### INFORMATION SHOWN:
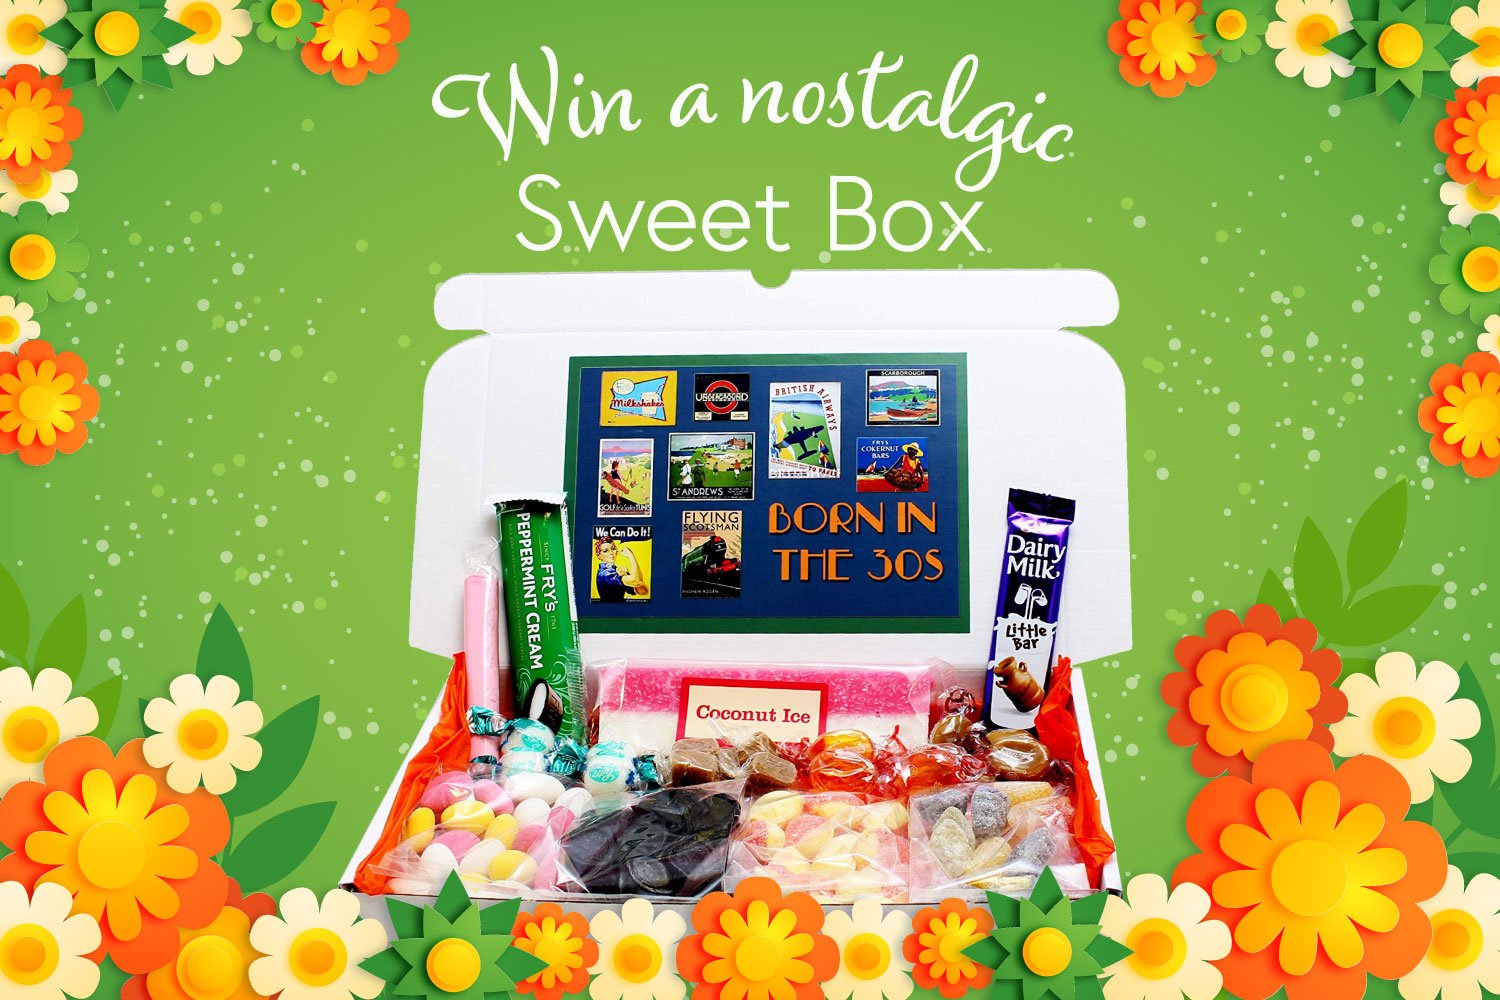 Win a nostalgic sweet box from oak tree
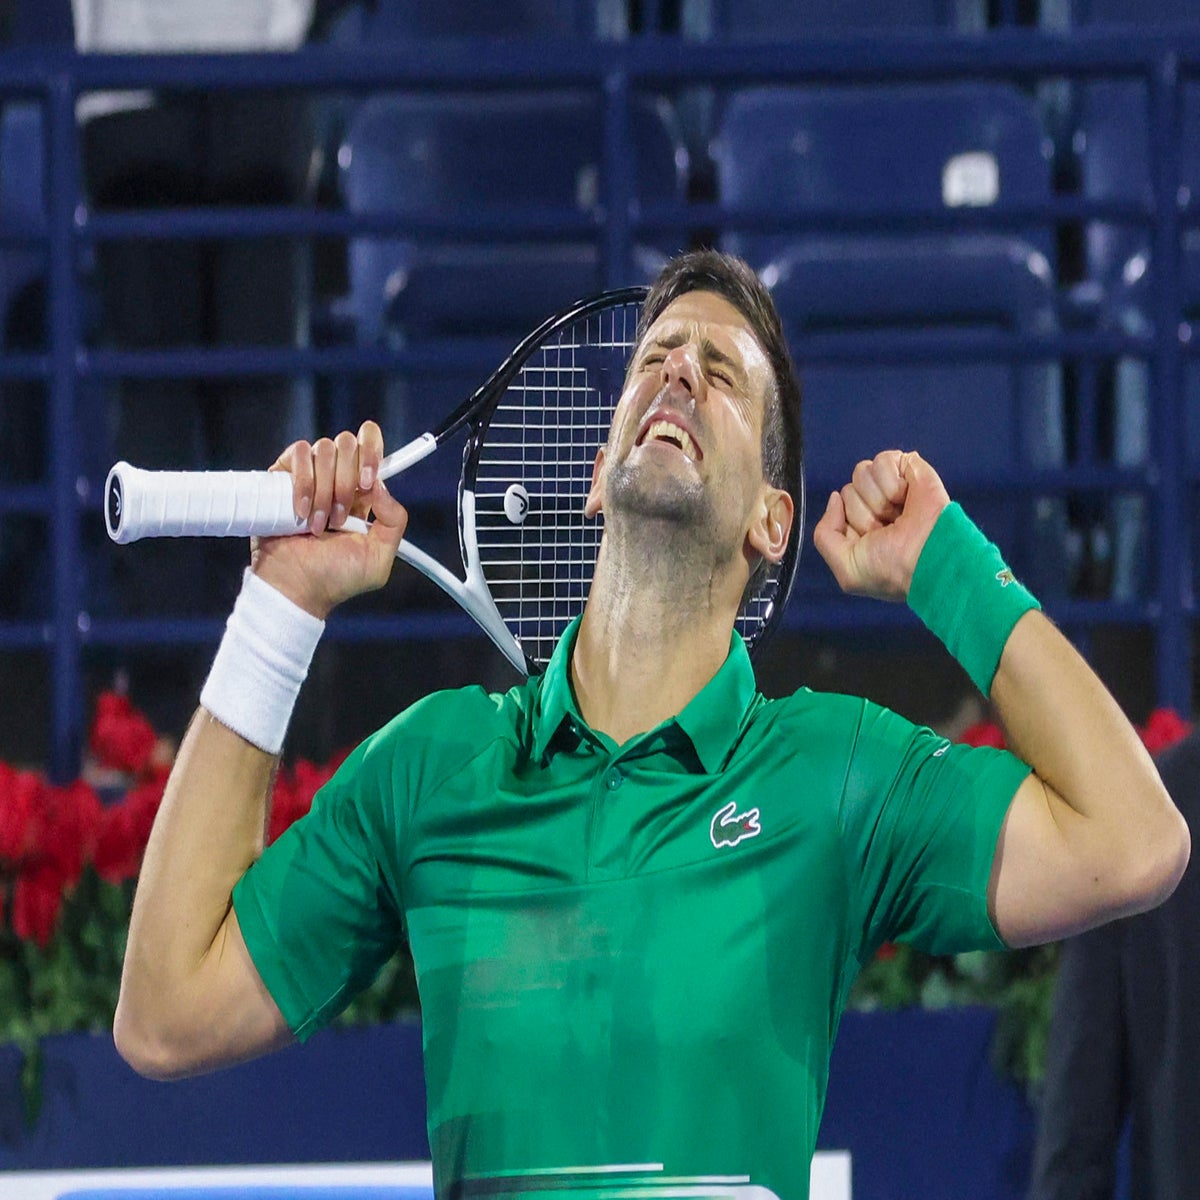 Murray & Djokovic in Dubai action: Latest scores, Tennis News
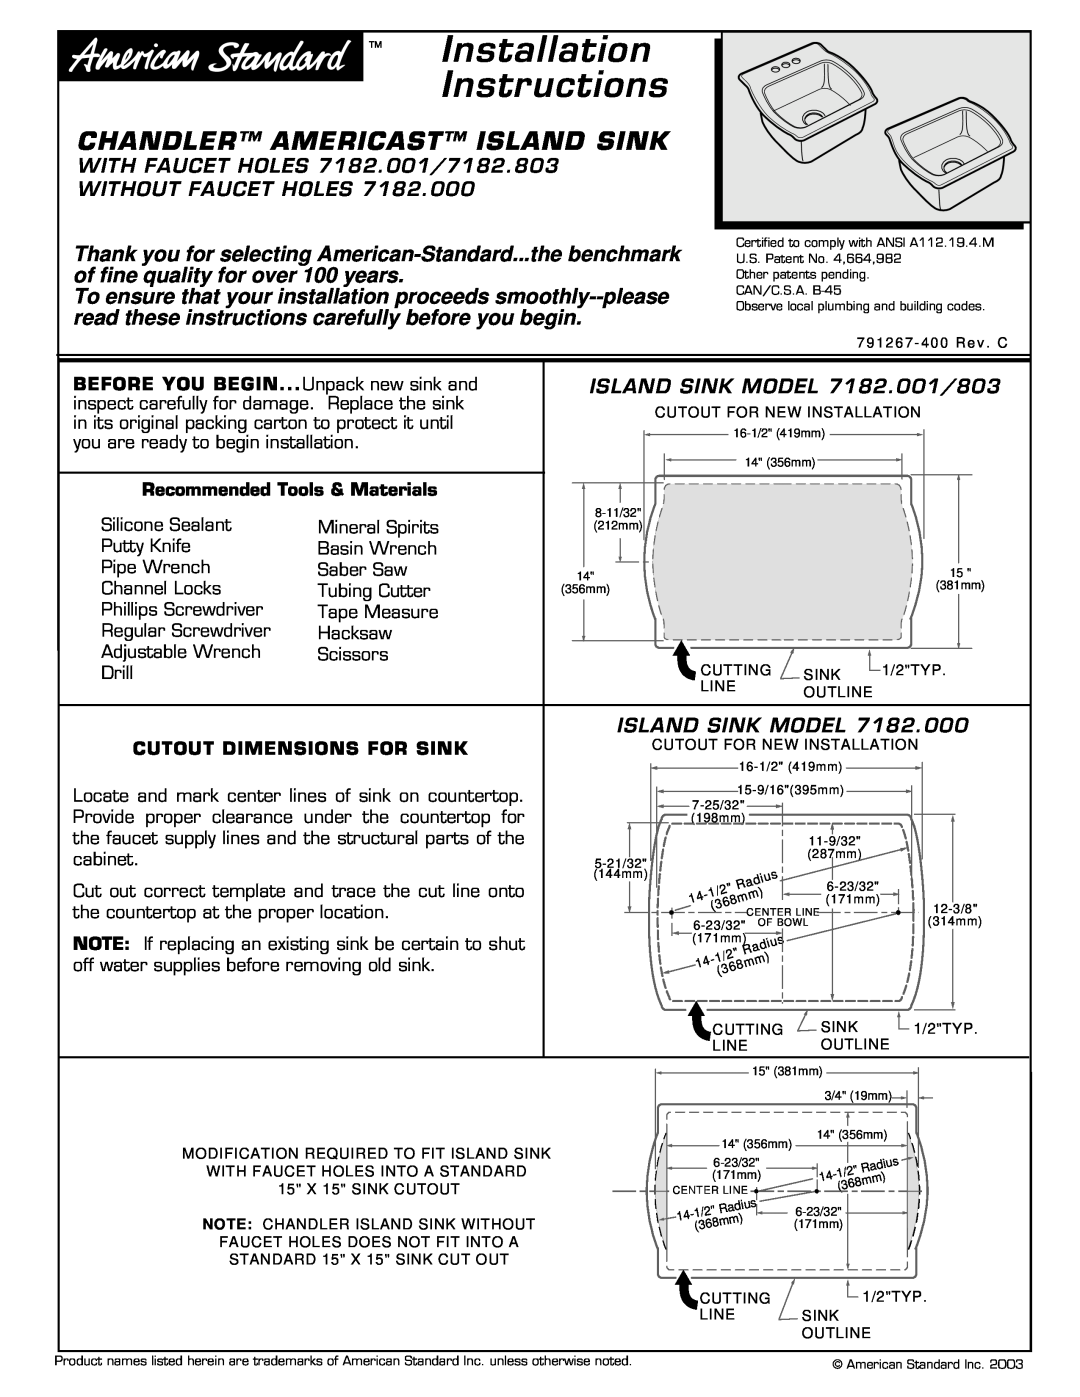 American Standard 7182.000, 7182.803 installation instructions Installation Instructions, Chandler Americast Island Sink

### BRIEF:
With the pictures left out, give again exactly the lines from the one that contains "Murray & Djokovic" through the final line of the data above.

### EXERCISE SOLUTION:
 Murray & Djokovic in Dubai action: Latest scores, Tennis News
 American Standard 7182.000, 7182.803 installation instructions Installation Instructions, Chandler Americast Island Sink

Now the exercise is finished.